WHGV: Gainesville, Florida; WCYZ: Ocala, Florida; ; United States;
- Frequencies: WHGV: 99.5 MHz (HD Radio); WCYZ: 99.7 MHz;
- Branding: WHGV: Hot 95.9; WCYZ: Z88.3;

Programming
- Format: WHGV: Christian hip hop; WCYZ: Christian adult contemporary;
- Subchannels: WHGV: HD2: WCYZ simulcast

Ownership
- Owner: Z Ministries, Inc.; (Central Florida Educational Foundation, Inc.);

History
- First air date: WHGV: 1999; WCYZ: 2014;
- Former call signs: WHGV: WBEQ (1998); WWFX (1998–1999); WQVR (1999); WRKG (1999); WBXY (1999–2014); WGMW (2014–2022); ; WCYZ: WGMA (2013–2022);
- Call sign meaning: WHGV: Hot Gainesville; WCYZ: "Cathy", named for volunteer/employee;

Technical information
- Licensing authority: FCC
- Facility ID: WHGV: 76433; WCYZ: 191546;
- Class: WHGV: A; WCYZ: A;
- ERP: WHGV: 2,200 watts; WCYZ: 2,000 watts;
- HAAT: WHGV: 144 meters (472 ft); WCYZ: 174.5 meters (573 ft);
- Transmitter coordinates: WHGV: 29°44′24″N 82°23′11.7″W﻿ / ﻿29.74000°N 82.386583°W; WCYZ: 29°10′59.5″N 82°2′17.1″W﻿ / ﻿29.183194°N 82.038083°W;

Links
- Public license information: WHGV: Public file; LMS; ; WCYZ: Public file; LMS; ;
- Webcast: Listen live
- Website: WHGV: hot959.com; WCYZ: zradio.com;

= WHGV =

Radio station in LaCrosse, Florida

WHGV (99.5 FM) is a Christian hip hop radio station licensed to Gainesville, Florida

WCYZ (99.7 FM) is a Christian adult contemporary radio station licensed to Ocala, Florida.

==History==
Prior to June 1, 2013, the then-WBXY programmed a news/talk format as 99.5 The Star.

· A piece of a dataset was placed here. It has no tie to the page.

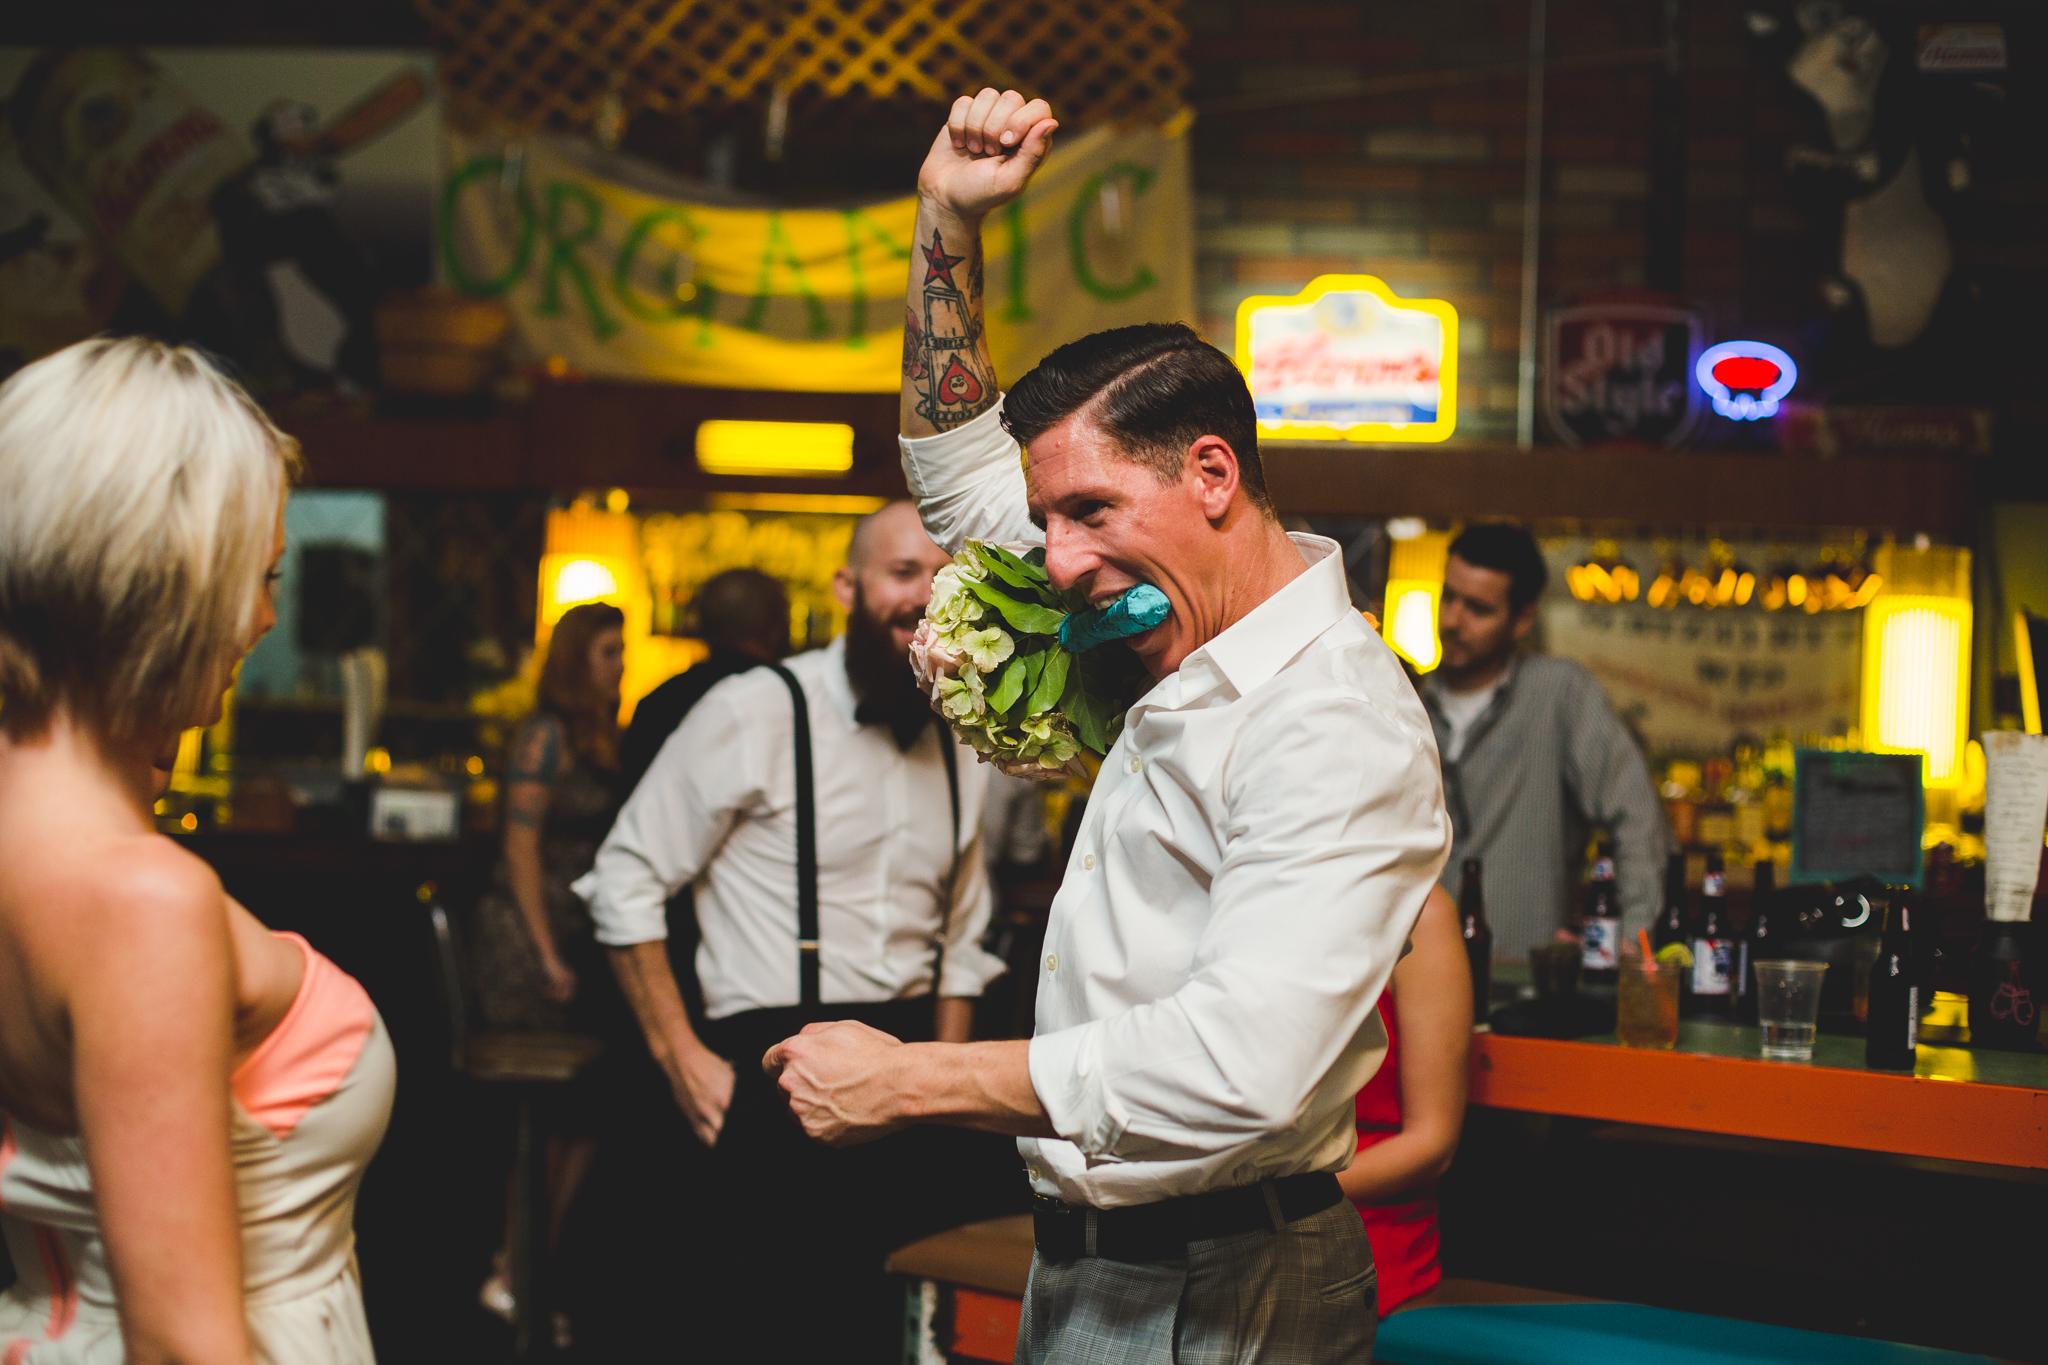 man dancing hilariously at wedding reception hj

At that time, following the station's sale from Asterisk Communications to JVC Media, it changed to a dance format billed as "Party 99.5," whose direction was patterned after its sister station in Long Island, New York, WPTY. On December 26, 2013, WBXY's dance format moved to WXJZ; the two stations simulcast until January 2014, when JVC announced the sale of WBXY to RDA Broadcast Holdings, LLC. The sale to RDA Broadcast Holdings, at a price of $3.5 million, was consummated on June 3, 2014; on June 4, 2014, RDA flipped WBXY to a simulcast of the then-WGMA, a new adult standards station in Ocala that had signed on at 99.7 in March. WBXY changed its call sign to WGMW on June 5, 2014. WGMW and WGMA changed their format from adult standards to soft adult contemporary on June 6, 2016.

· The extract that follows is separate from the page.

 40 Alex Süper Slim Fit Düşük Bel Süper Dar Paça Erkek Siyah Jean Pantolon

On August 1, 2022, WGMW changed its format to Christian hip hop as a simulcast of WPOZ-HD2, and WGMA changed its format to Christian adult contemporary as a simulcast of WPOZ. Both switches are part of an acquisition by the station's operator Central Florida Educational Association. On September 1, 2022, WGMW changed its call sign to WHGV and WGMA changed its call sign to WCYZ.

Central Florida Educational Foundation closed on the swap for WCYZ and WHGV in September 30, 2022 and owns both stations.